Friday, November 18, 2016

Parashat Vayera: Religious School-led Shabbat service



Shabbat Shalom! In this week's Torah portion of Parashat Vayera, both of Abraham's children face near death. His first son, Ishmael, and his mother, Hagar, face dehydration in the desert after Sarah has cast them out of her home. But an angel of God appears to Hagar and assures her that all hope is not lost. Ishmael will also grow up to be a great man and a father of a nation, just as we know was promised of Isaac. "Look up," he tells her, and behold she sees a well of water. Was it there the whole time, a hidden oasis she had overlooked in her weariness and despair? Or had God made it appear with the angel? The great medieval grammarian and Biblical Commentator Rabbi David Kimhi, also known as RaDaK offers both of these possibilities as equally likely options. A few hundred years later, the Italian Rabbi Sforno concludes for us, “God granted her the instinct to look for water in the place where she would find it. She had been blind previously so that her eyes had to be “opened.”
Following this episode with Ishmael, is of course the infamous Binding of Isaac. God tells Abraham to take his precious son, his favored one, to a place that God will show him (familiar words for Abraham). This time however, the place that God will make known to Abraham is not a holy promised land, but rather a mountain on which to sacrifice Isaac. Once there, an angel of the Lord appears just in time to save Isaac. Is this the same angel who appeared to Hagar just as she was giving up hope for survival of her son? Is this the guardian angel of children in distress? The Talmudic gladiator-turned-sage Reish Lakish claimed that names and personalities of angels came back with the exiled Jews from Babylonia, and that there’s no reason to assume identities of these “messengers of the Lord” that the Torah speaks of.
In any case, whoever the angels were in each of those scenarios, it is clear they were sent by God to interfere before these children of Abraham could end up dead.

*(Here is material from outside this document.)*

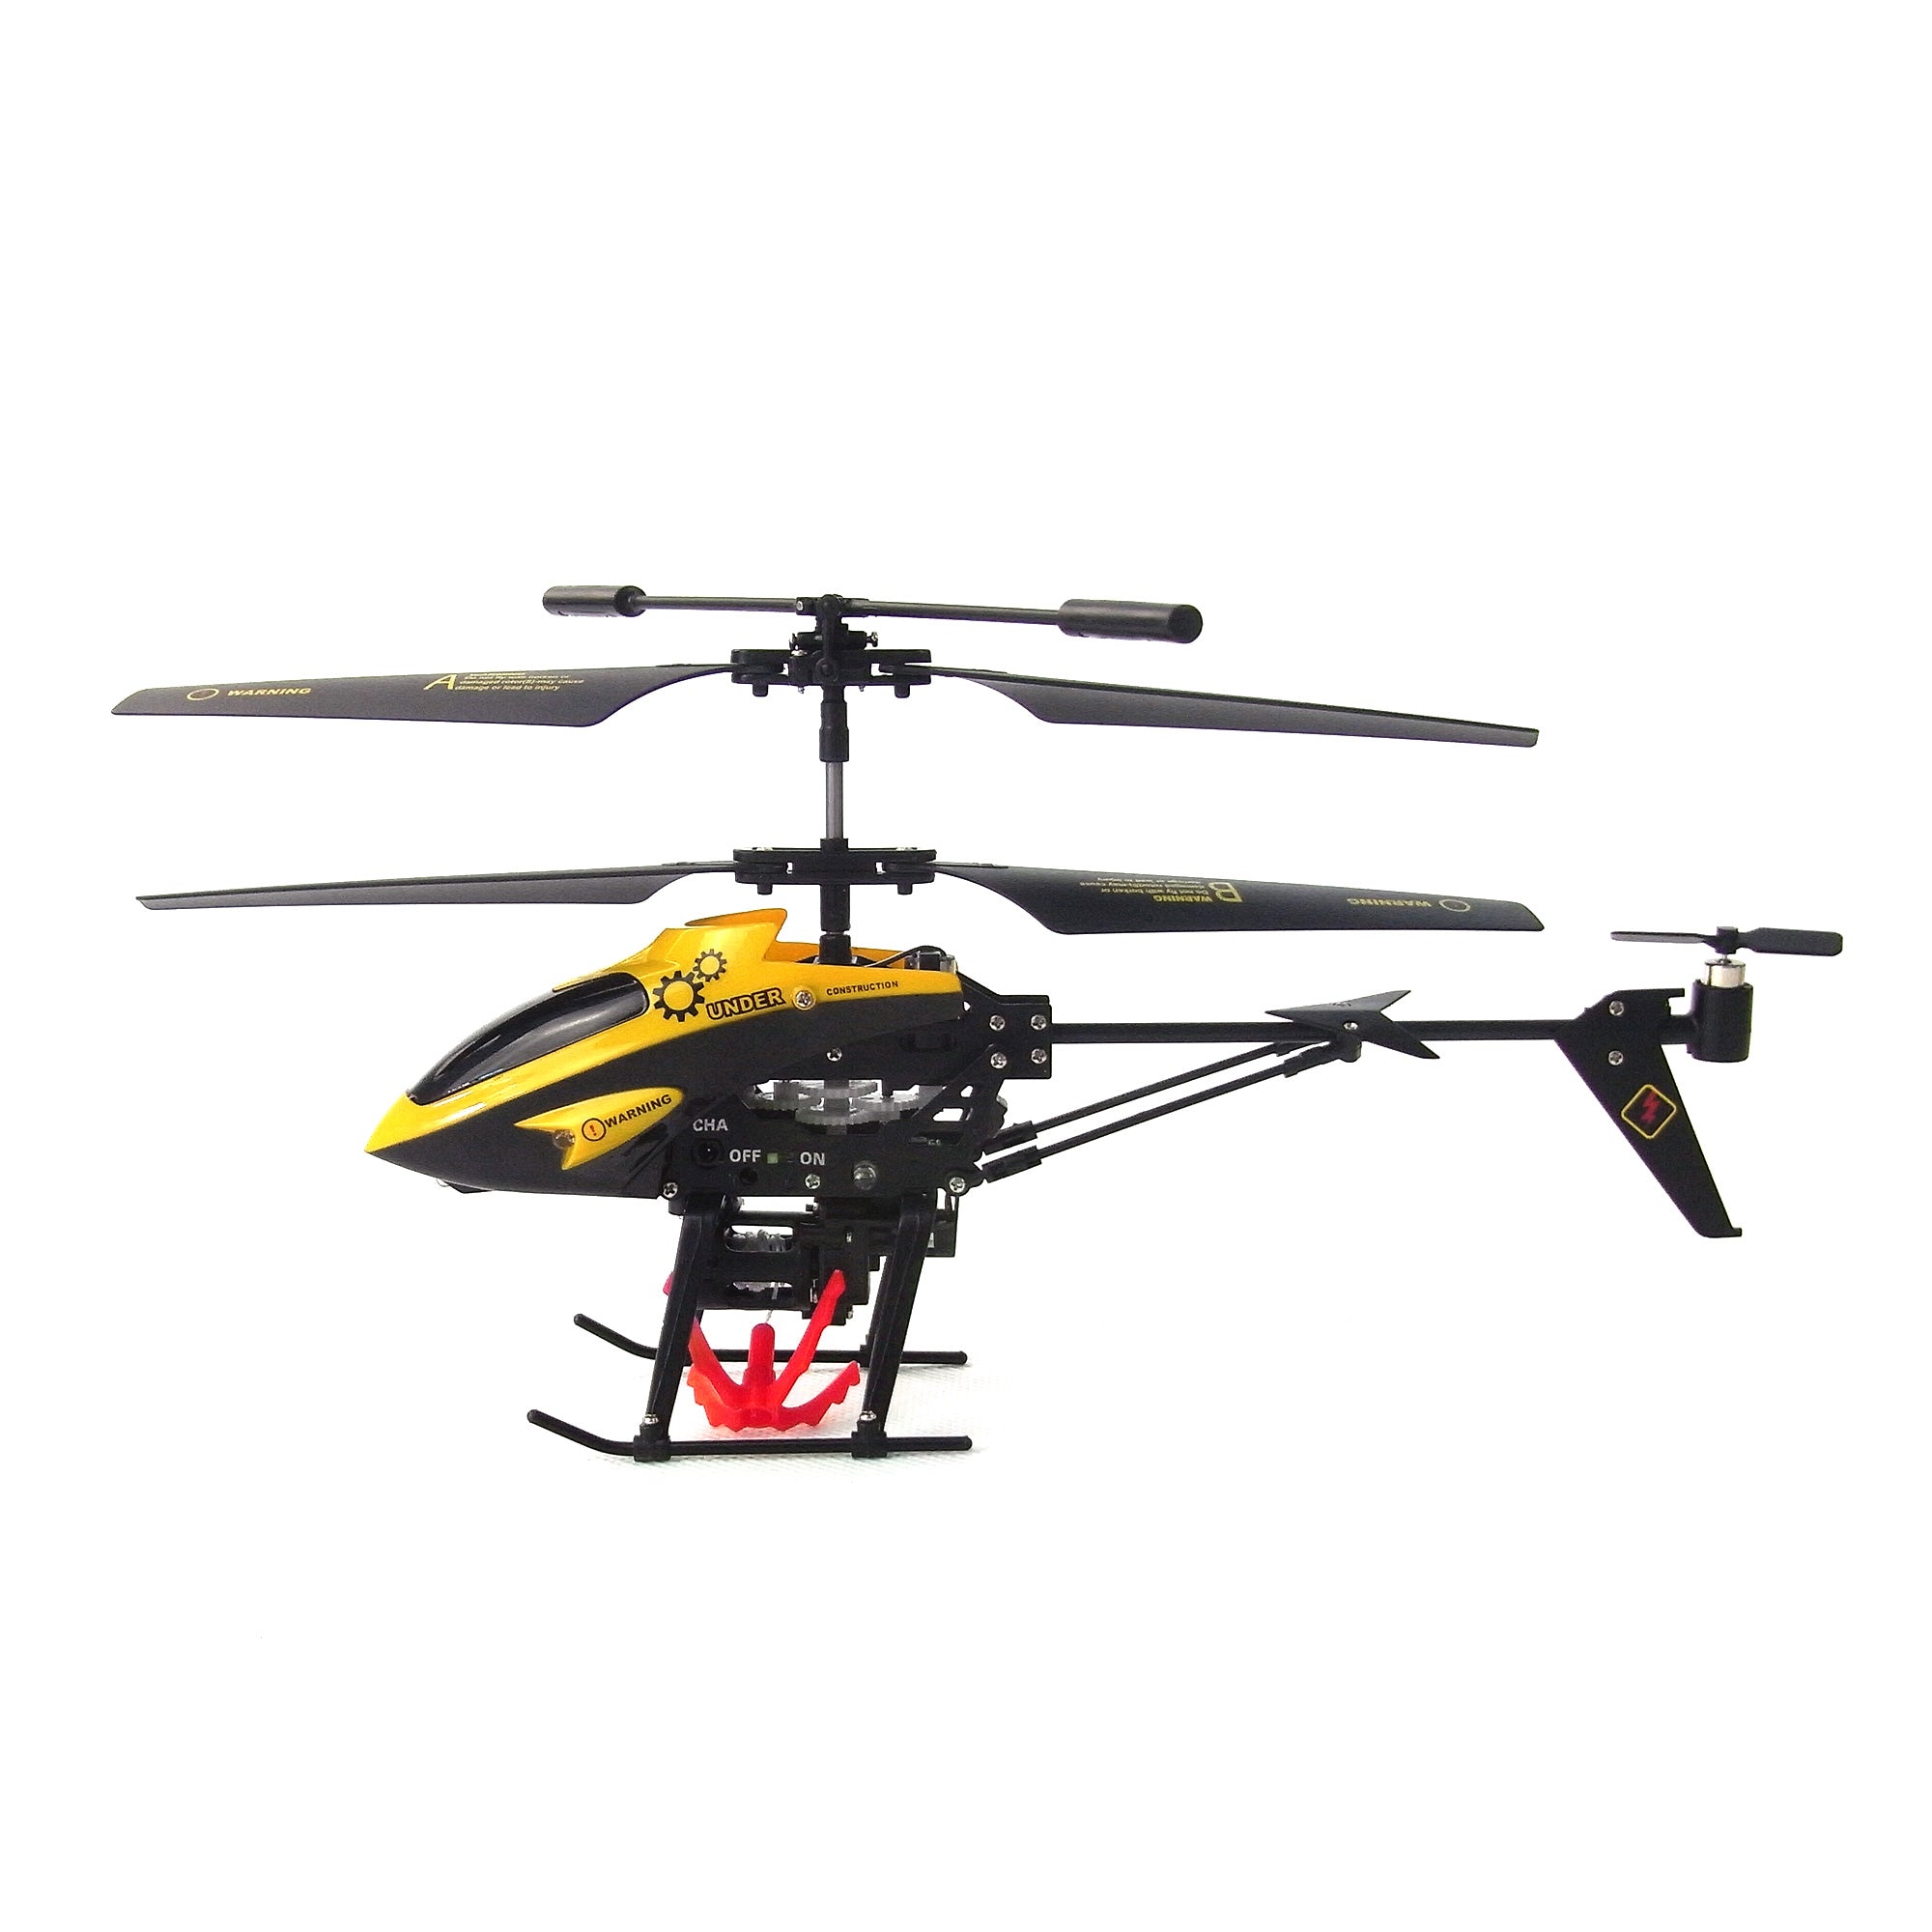 rc helicopter 3.5 ch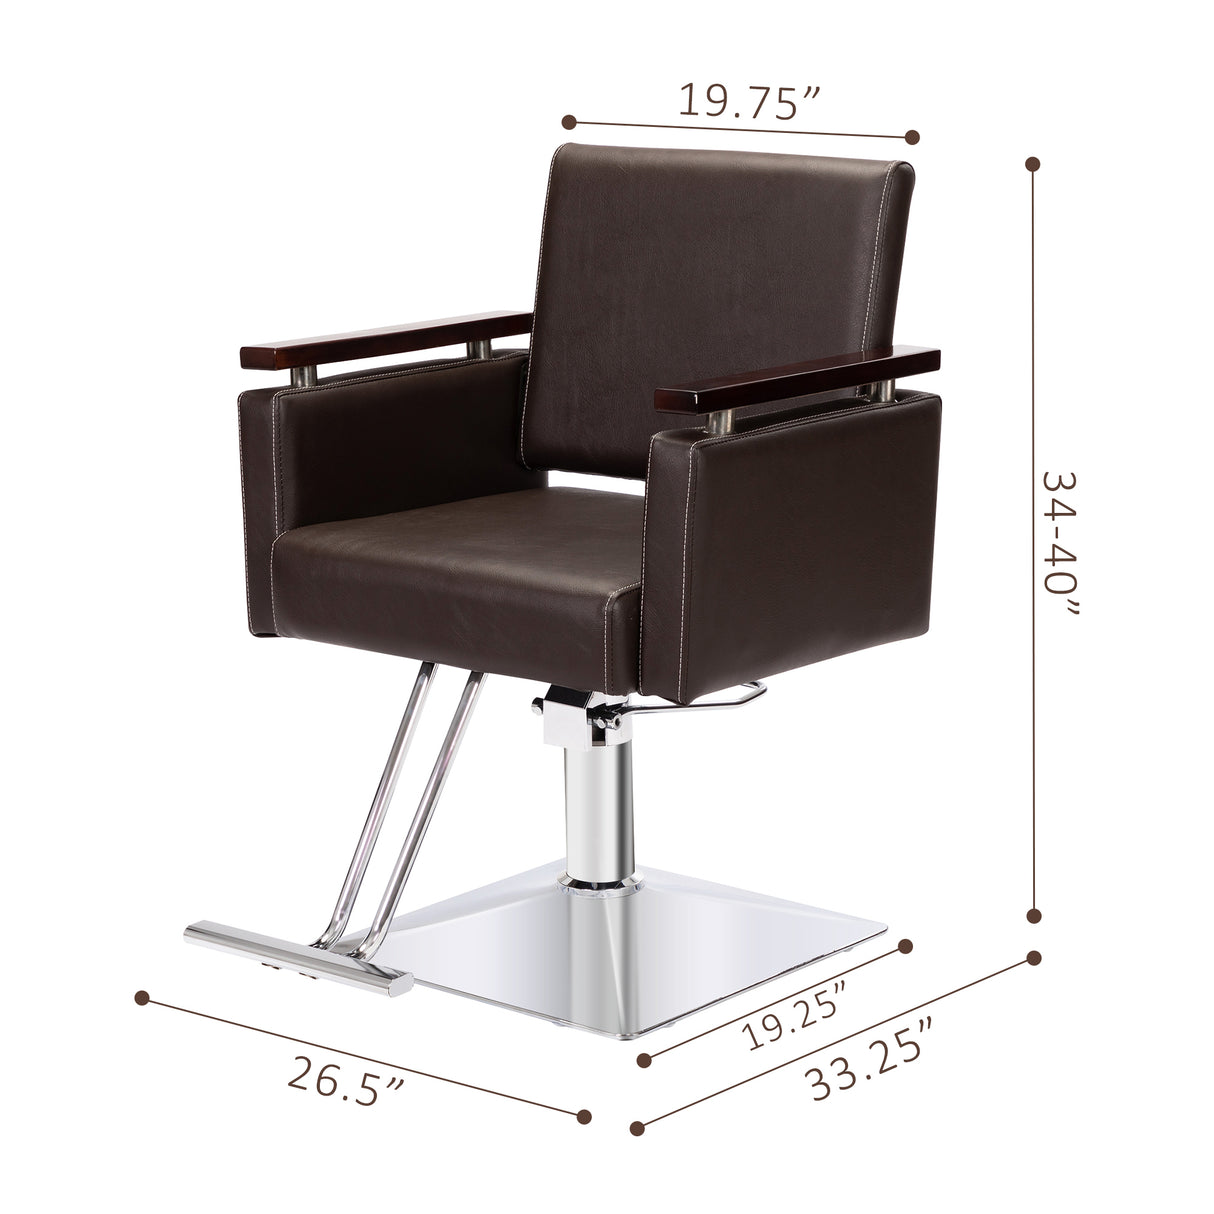 Hydraulic Barber Chair, Heavy-Duty Styling Chair with 360 Degree Rotation for Barber Shop, Beauty Salon, Spa, Tattoo Shop, Brown - Home Elegance USA

And it is clear why to those who study Torah. Although the circumstances for their near-death experiences seem to be set up by Divine intervention in Abraham’s life and we might question why they were all in such predicaments in the first place, we do know that the promises to Abraham cannot be carried out without them. Abraham’s future is destined through his children, just like the children of this community are our future.
So, as we honor the learning of our Religious School tonight, and we honor a student becoming a Bar Mitzvah, a new adult in our community, we also recommit ourselves as adults, teachers, parents, and leaders of this community, to do everything we can to look out for the children, our own and others. We promise to protect them from harm, to teach them ways of Torah, and to celebrate all their successes, together.
May we see our youth grow wise, our community grow strong, and our future be as bright as those same stars that Abraham’s descendants are promised to emulate. Amen and Shabbat Shalom.